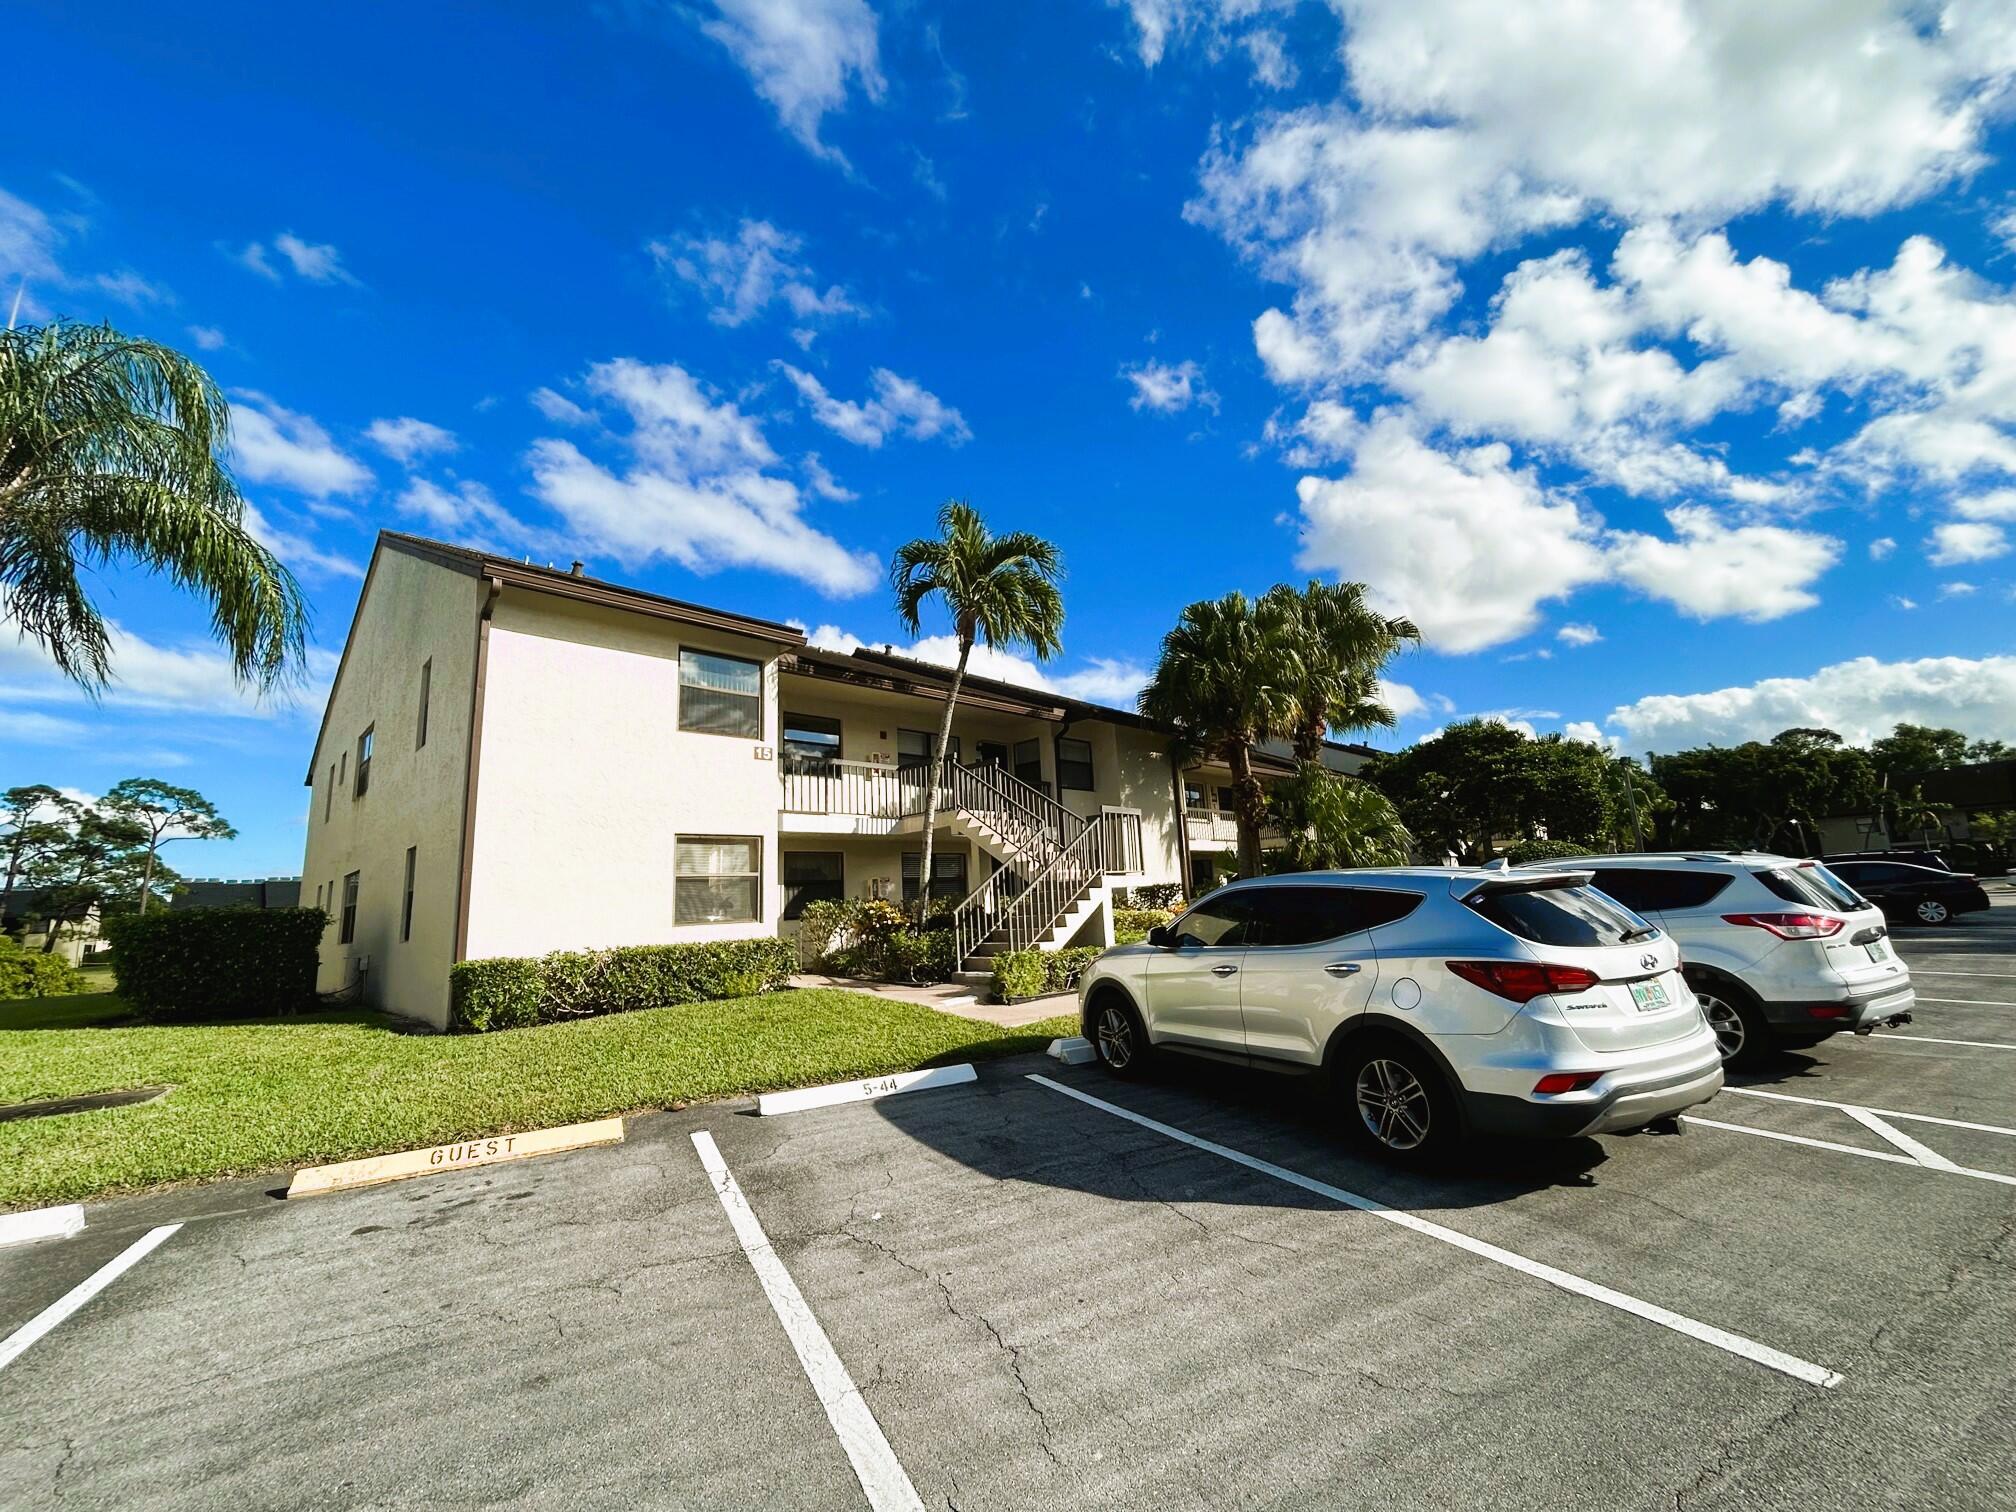 Property for Sale at 7590 Tahiti Lane 201, Lake Worth, Palm Beach County, Florida - Bedrooms: 3 
Bathrooms: 2  - $299,900
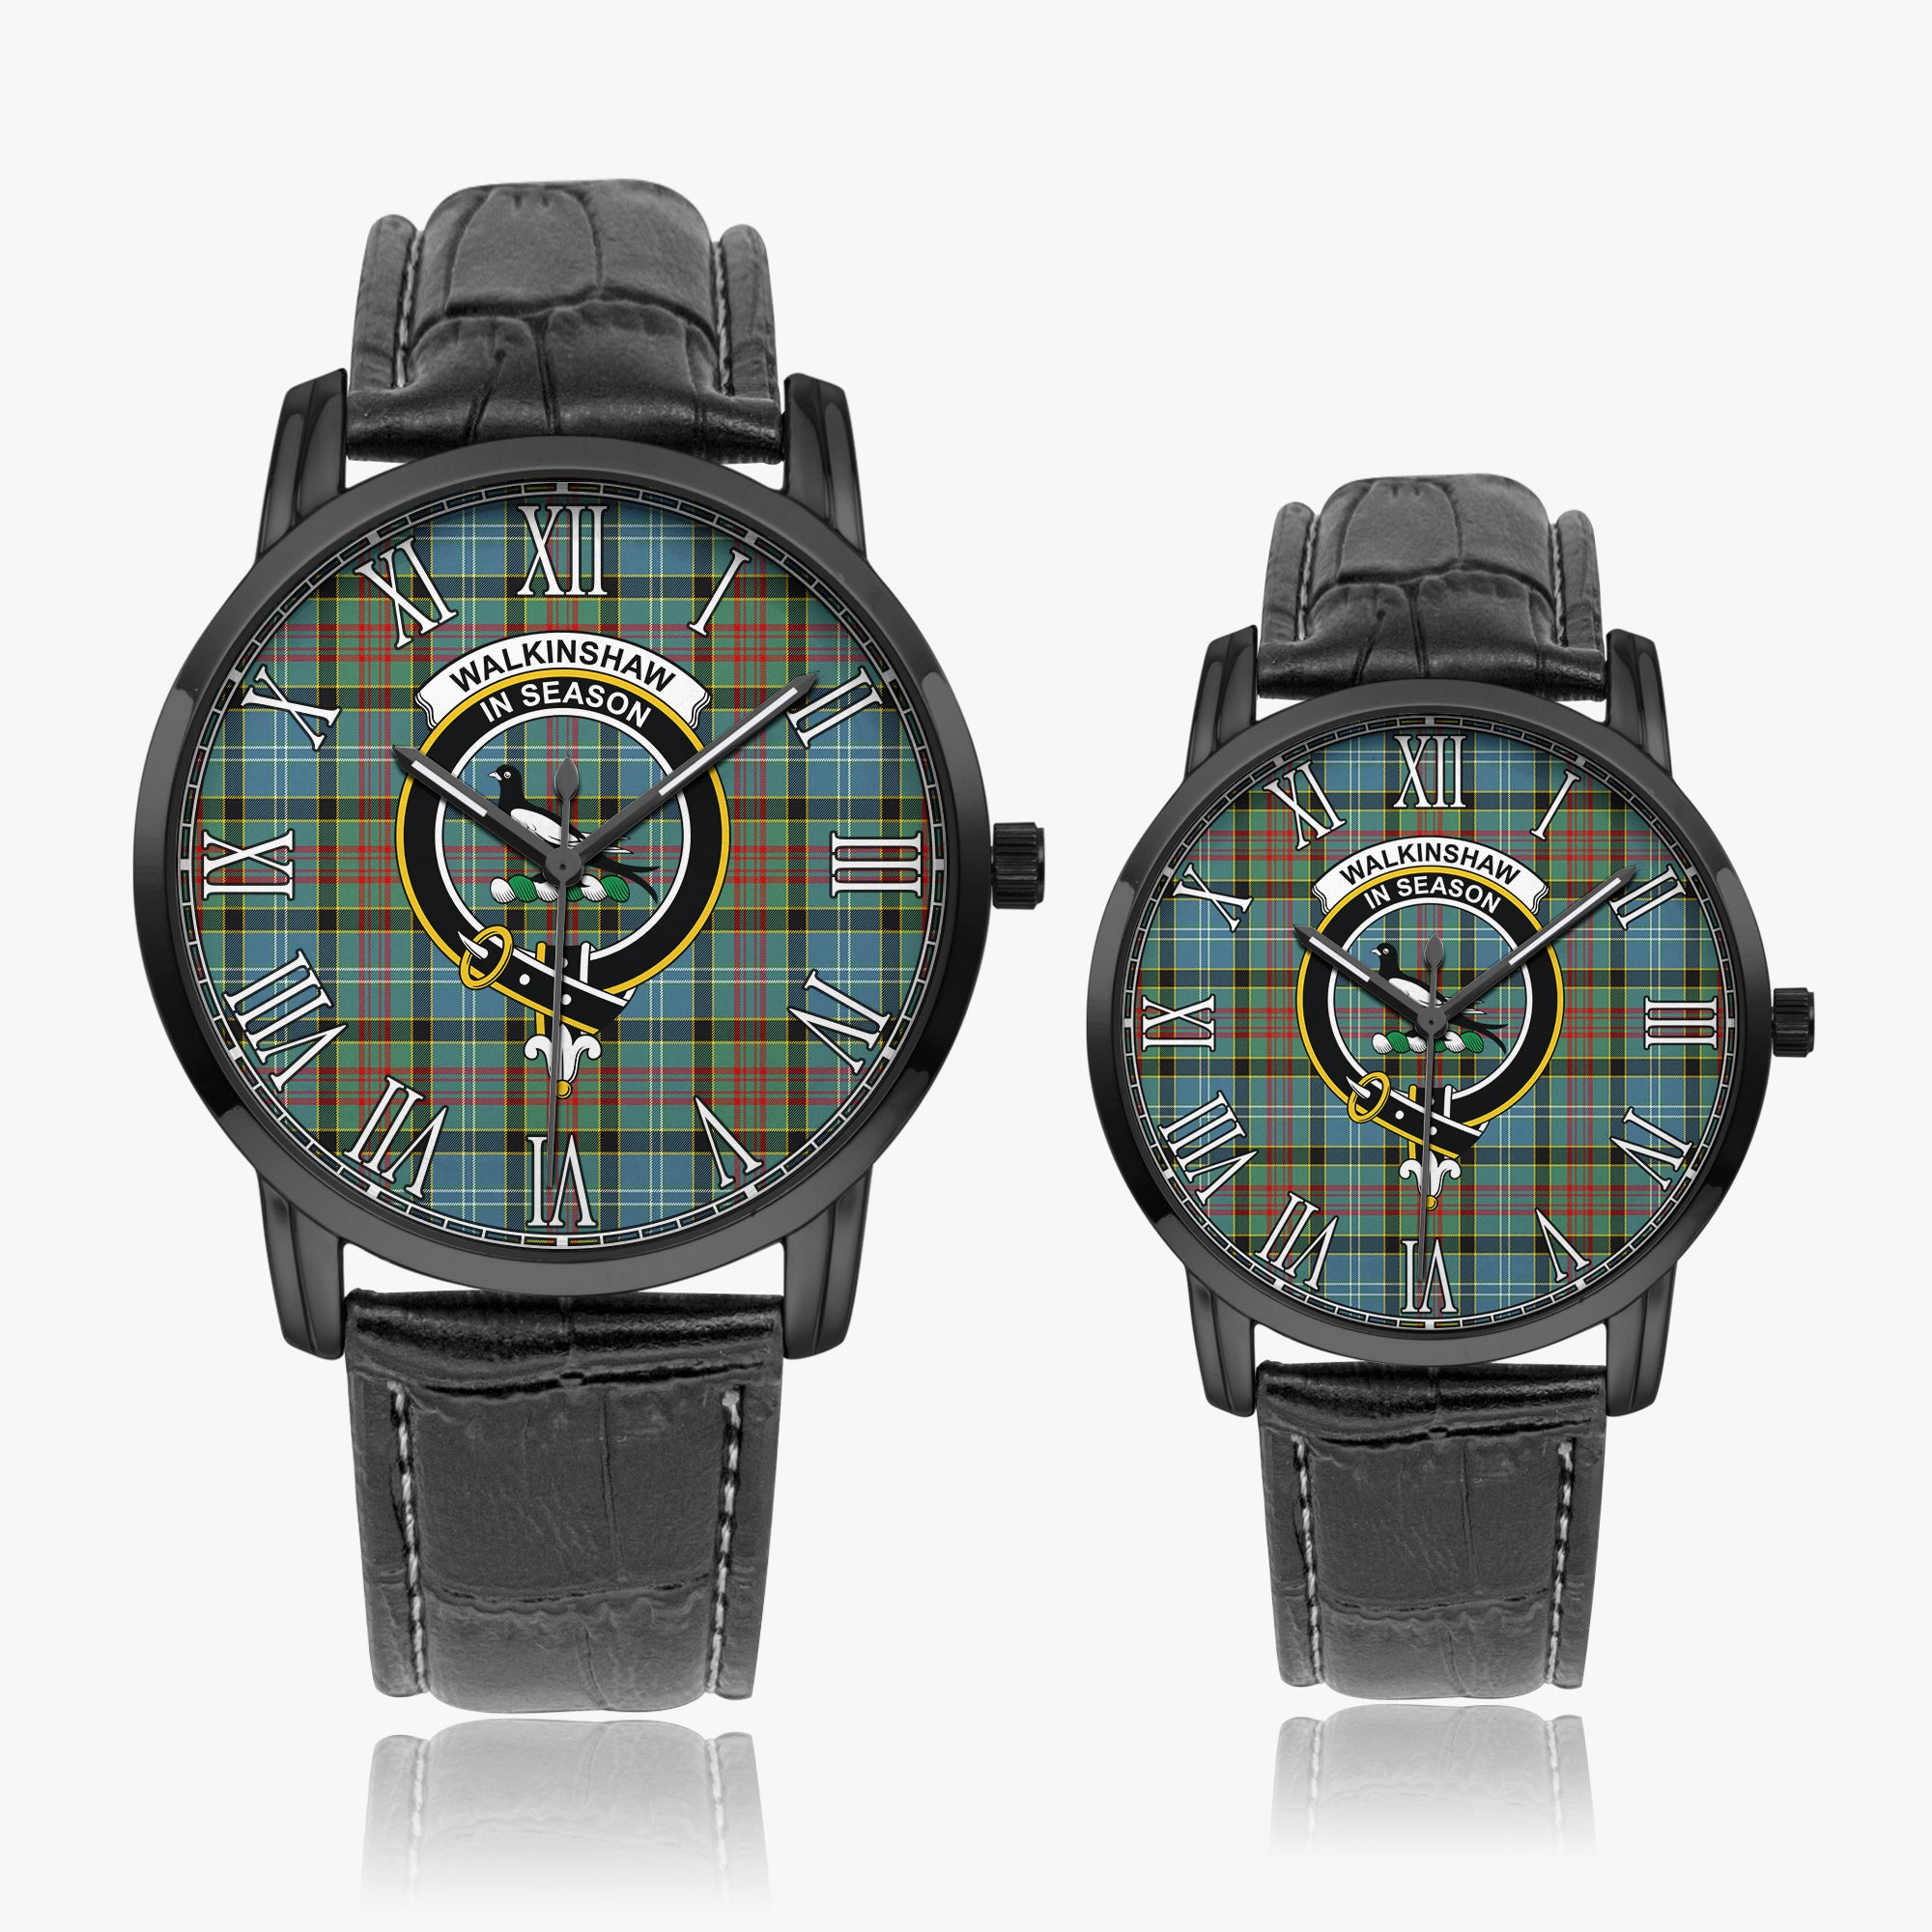 walkinshaw-family-crest-quartz-watch-with-leather-strap-tartan-instafamous-quartz-leather-strap-watch
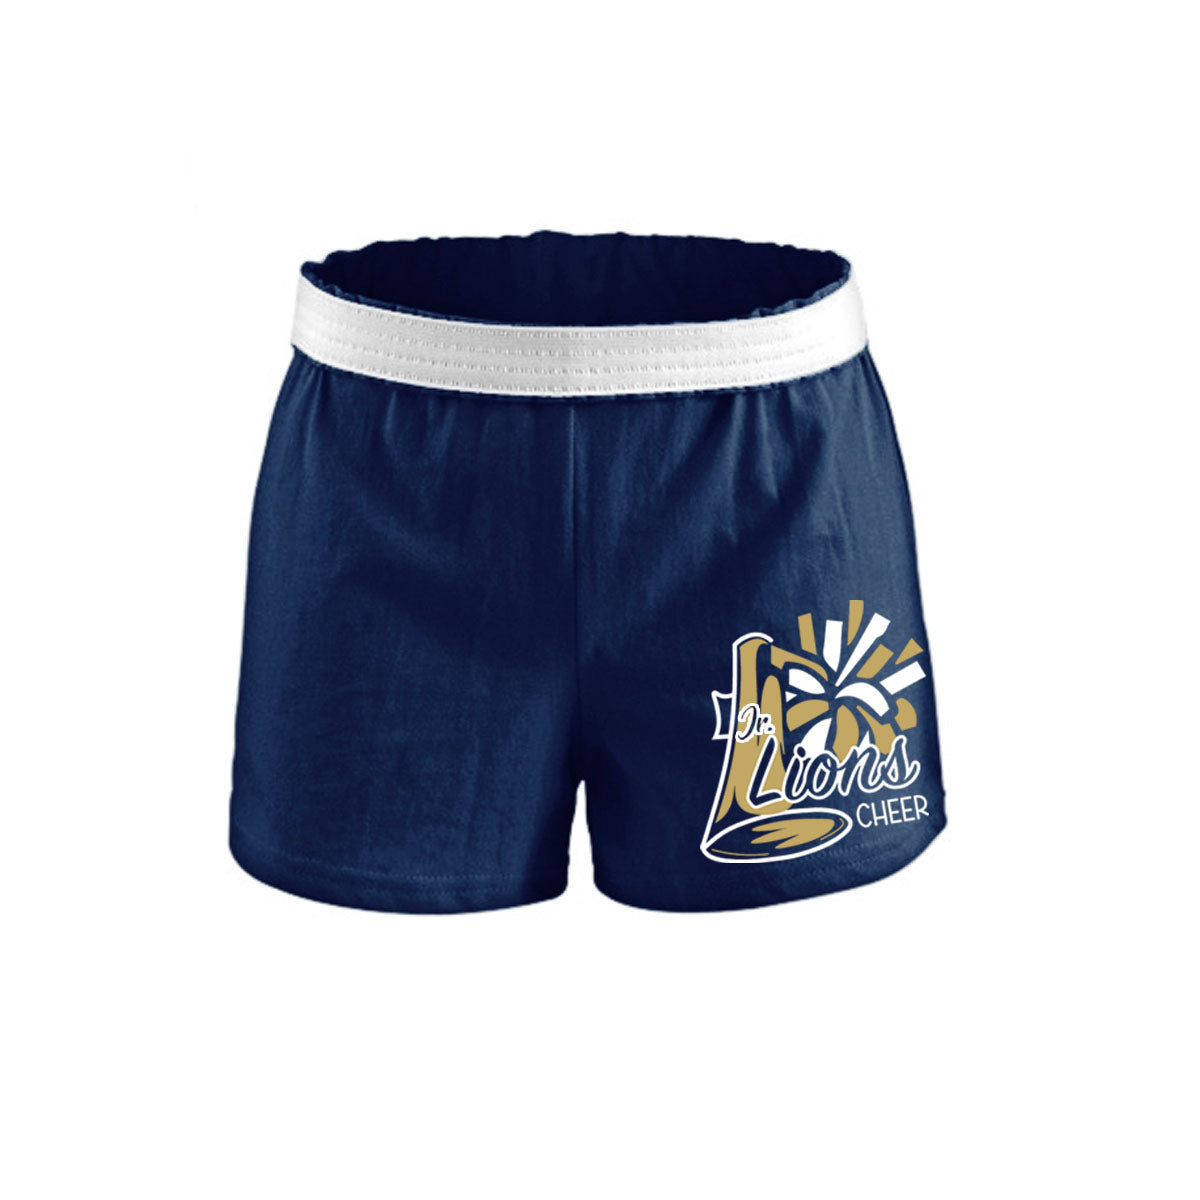 Lions Cheer Design 2 Shorts
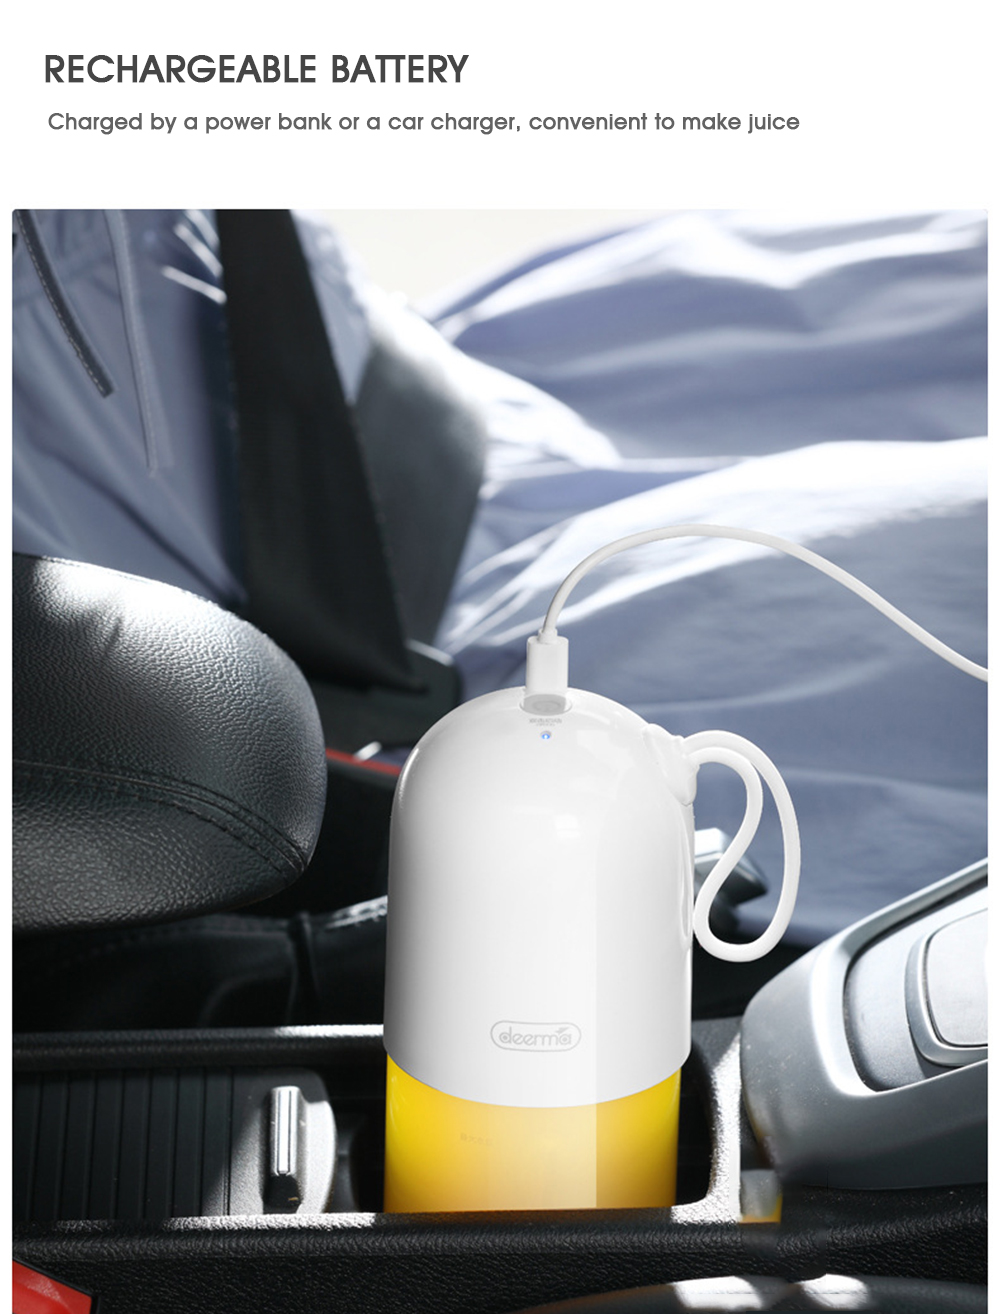 deerma DEM - NU01 Portable Juicer Mini Capsule Shape Electric Juice Cup for Travel Gym

******

> YOUR GOAL
Please reproduce the entries above exactly, omitting every picture.

> RESPONSE BELOW
 Property for Sale at 7590 Tahiti Lane 201, Lake Worth, Palm Beach County, Florida - Bedrooms: 3 
Bathrooms: 2  - $299,900
 walkinshaw-family-crest-quartz-watch-with-leather-strap-tartan-instafamous-quartz-leather-strap-watch
 Lions Cheer Design 2 Shorts
 deerma DEM - NU01 Portable Juicer Mini Capsule Shape Electric Juice Cup for Travel Gym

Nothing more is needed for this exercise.